Activities

Reading texts about Peru and the Andes in Peru itself is already a way to bring such texts to life. For instance, we will be reading José María Arguedas’s celebrated account of a young Indigenous boy’s visit to Cusco, former center of the Inca Empire, in his novel Deep Rivers, and will be able to see the same sights, the same buildings and social architecture, that he describes. The same goes, for instance, for Felipe Guaman Poma or Garcilaso de la Vega’s famous historical descriptions of Inca civilization.

Second, we will be able to see how Indigenous people live in Peru today, in different settings and circumstances. We will visit local Indigenous communities in the countryside surrounding Pisac; we will explore the local market in the town itself, as a node for mercantile (and cultural) exchange between the countryside and wider networks; and from our time in Cusco (and also as we pass through Lima, to and from the Andes) we will gain a sense of urban Indigeneity and the negotiations, sacrifices, and successes that result from decades of internal migration to the cities.
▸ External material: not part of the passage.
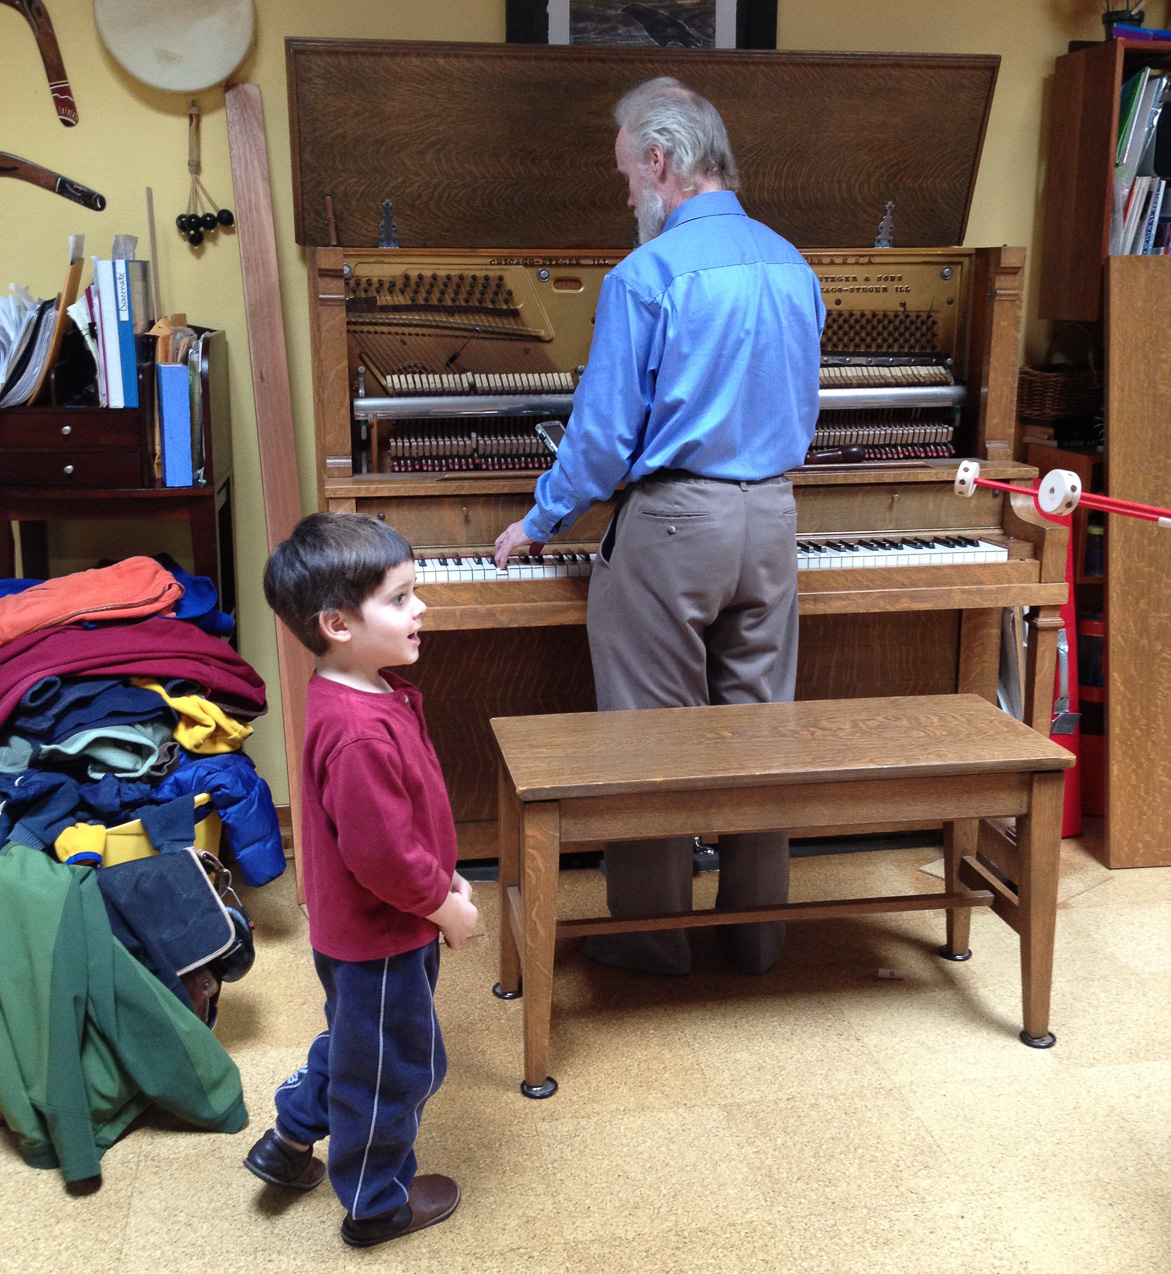  December 06, 2012 - Seeing the piano being tuned

Third, the Sacred Valley as a whole, from Cusco to Machu Picchu, is a booming site of various forms of tourism, from backpacking to luxury tours, adventure and high-energy activities to New Age practices. We will observe (and, inevitably, participate in) the legion of transactions in everything from handicrafts to visits to archeological sites, yoga to gourmet food, Shamanistic rituals to holistic health that often draw on (and help to construct) images of Indigeneity in the area. We will thus also be able to reflect on our own role as visitors and students in the heart of the Andes and what was once the centre of the Inca Empire.

Fourth and finally, beyond our own experiences and interactions with texts, local culture, and transnational tourism, we will also benefit from guest speakers and lecturers both from local Indigenous communities and from non-governmental organizations, as well as from Peruvian universities and research institutes such as Cusco’s Centro Bartolomé de las Casas.